Не было ни времени, ни пережитого, ни будущего – только застывшая бесконечность ночи да скованная мертвой хваткой мороза земля, повернутая к черной пустыне холода и словно воткнувшаяся в него. Холод этот был неземной: он шел от звезд, от невидимых лунных кратеров, которые Колька знал по учебнику астрономии, от самых дальних галактик, планеты которых окутаны вечным инеем. Залив казалось, слился с Вселенной, вмерз в нее. Ледники полюсов наползали на Кольку тусклой и почти призрачной армадой торосов.

Мучил голод, и потому холодная пустота внутри была еще более ощутимой: она подступала к горлу, точно изжога. На боку Колька чувствовал флягу, полную спирта, в карманах лежали три пайки свежего хлеба, но ни то ни другое он не имел права раньше времени трогать: и хлеб, и спирт могли понадобиться разведчикам, тем троим, что шли сейчас неведомо где, сквозь проволоку, мины и окрики часовых, каждым шагом испытывая до конца и смерть и надежду. А цена ленинградской пайки хлеба не забывалась даже перед лицом Космоса…

Разведчиков они встретили часу во втором ночи. Сначала услышали далекие шаги по гулкому льду, потом, затаившись, увидели смутные силуэты между торосами. Разведчики шли в открытую, не хоронясь, покачиваясь от усталости и оступаясь на каждом шагу. Видимо, для осторожности у них уже не осталось сил. Когда они оказались поближе, Колька вдруг различил в темноте, что шли только двое. Третьего несли на руках.

Было в их облике что-то гнетущее, пронизывающее сердце болью – может быть, то нескрытое безразличие к собственной судьбе, которое нередко наступает у человека на пределе его выносливости, после долгих часов напряжения, риска и почти невозможной выдержки. Они познали нечто такое, что тяжелее смерти, и потому пули, которые могли их настичь, уже не пугали их своим точным и единственным смыслом.

Наверное, Рябошапко при виде разведчиков пережил то же, что и Колька. Он не стал окликать их, не стал допытываться пароля, а торопливо шагнул навстречу, спеша подбодрить и согреть бойцов бесхитростной русской речью, которая означала для тех, троих, конец испытаний нынешней: ночи.

– Хлопцы… дошли-таки! – выпалил он, и его голос, прозвучал одновременно и сочувствием, и восхищением, и дрогнувшей радостью. А разведчики, словно утеряв последние крохи сил, медленно опустились на лёд. Видимо, чувство облегчения, которое они ощутили, заслышав мичмана, расковало их волю, сняло ту напряженную, до скрипа в зубах, устремленность, что заставляла их всю эту ночь двигаться к нашему берегу. Они сидели, дыша тяжело и отрывисто, бездумно глядя на Рябошапко и Кольку.
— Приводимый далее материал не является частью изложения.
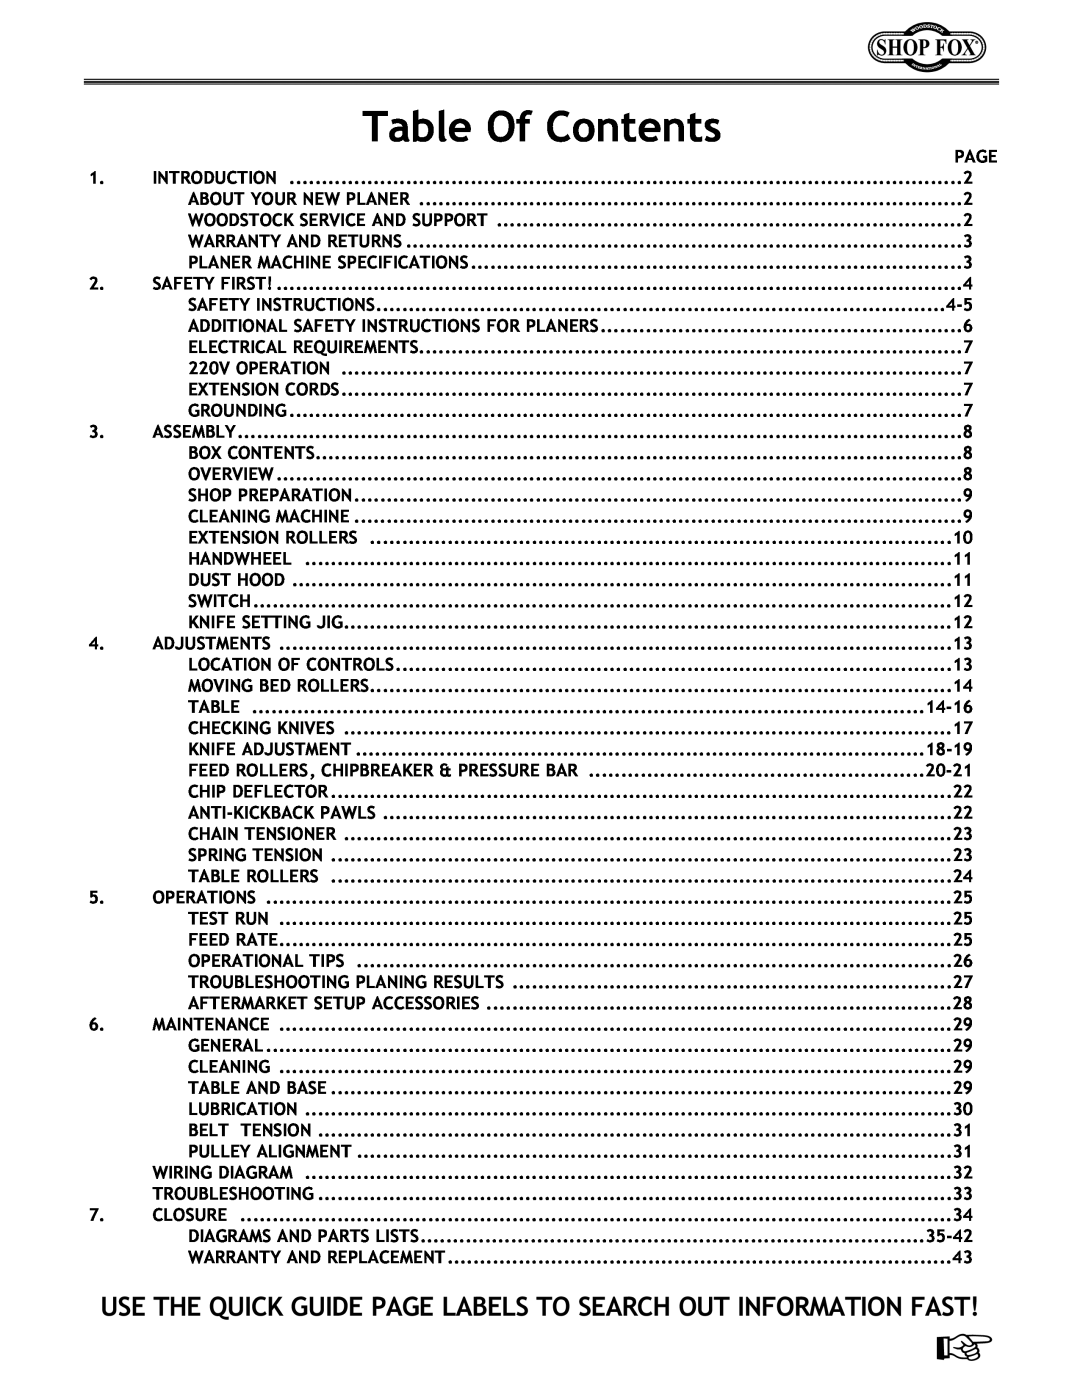 Woodstock W1683 Table Of Contents, Use The Quick Guide Page Labels To Search Out Information Fast, Introduction, Grounding

– Дошли, – наконец хрипло сказал один из них. Кроме него вот, – кивнул он на третьего. Тот лежал на льду навзничь, равнодушно запрокинув голову. По его лицу сухо шуршала поземка…
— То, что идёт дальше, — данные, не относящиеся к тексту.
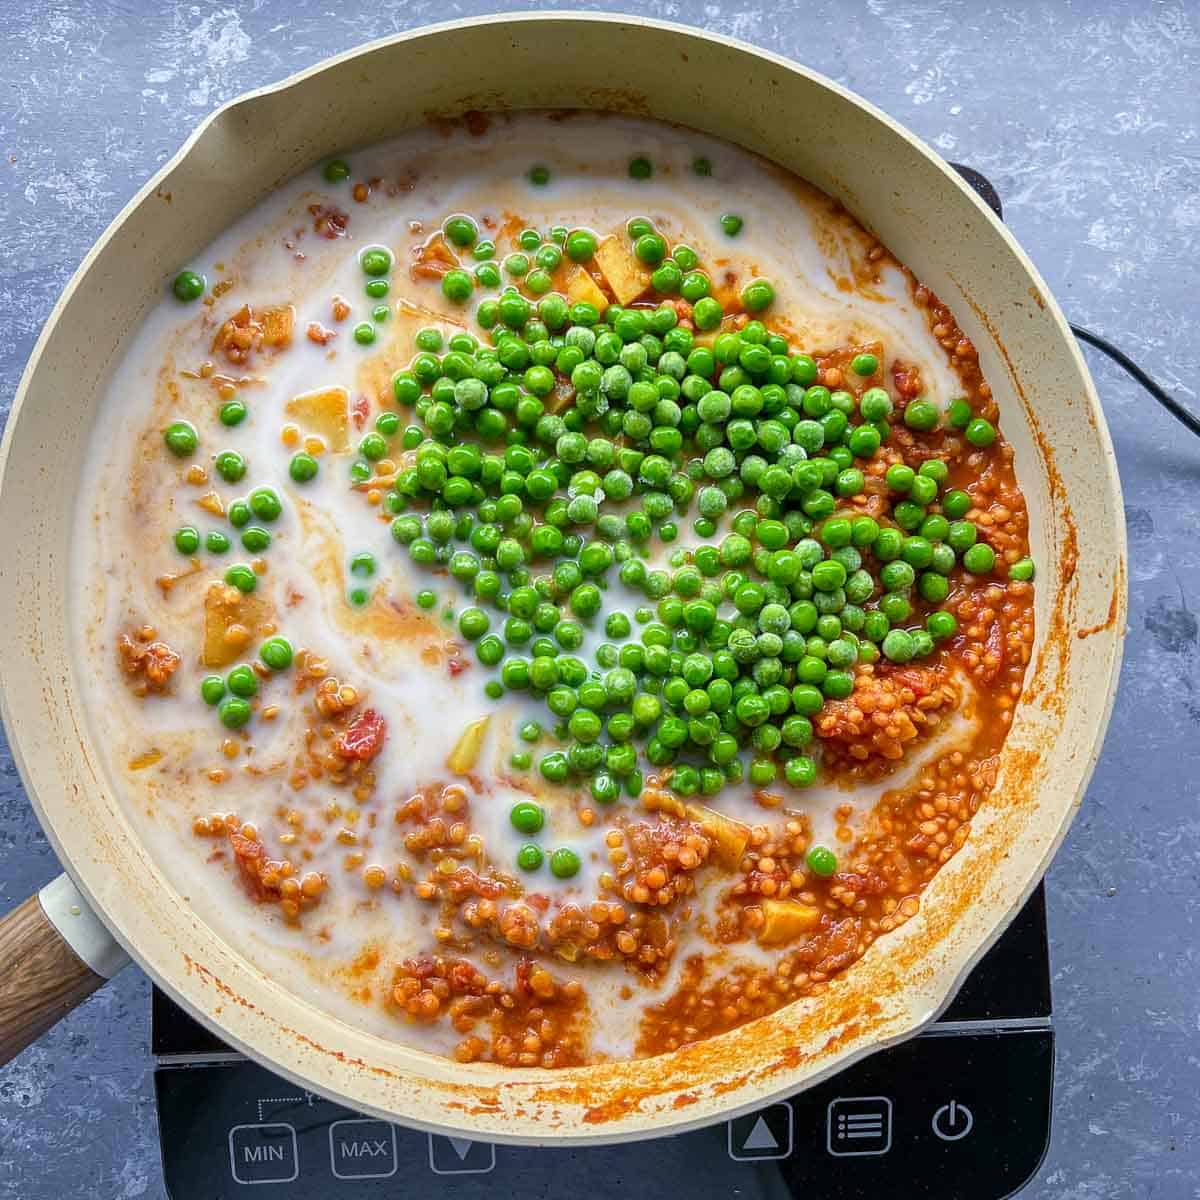 Coconut milk and peas added to the frying pan.

Снова они перешли по тонкому льду фарватер канала. Но двигались теперь быстрее, уверенней, вернее – подчеркнуто смело, ибо рядом с подвигом, который только что совершили разведчики, даже обычная осмотрительность казалась Кольке и мичману трусостью.

Группу возглавил Рябошапко. За каналом он остановился и тоном, не терпящим возражений, определил:

– Друга вашего мы с Лаврухиным понесем… И глядите под ноги: дорога хоть и знакомая, а все ж и на ней случаются ополонки.

И они зашагали в темень, туда, где на низком берегу возле Ольгино вспыхивал время от времени специально для них наводящий красный огонь.

К утру небо вызвездило. Четкие звезды виднелись на свежей пороше Млечного Пути, точно запутанные лисьи следы. Спасаясь от этих следов, уходил в неведомые просторы окутанный млечной метелью красавец Лебедь. А может, он уходил от Земли, от привычных земных зимовий, объятых огнем войны? Уходил, не понимая птичьим умом, зачем и во имя чего люди дерутся и убивают друг друга, жгут города и деревни, уничтожают все то, что сами же создавали веками трудом и потом. Что ж, он не знал, этот Лебедь, что на Земле помимо озер с голубой водой и радостных побережий, существуют алчность и жажда власти, рабство и угнетение, частная собственность, порождающая фашизм. Он улетал, а люди оставались на Земле, и они должны были отстоять родную планету от ненасытного разгула удавов.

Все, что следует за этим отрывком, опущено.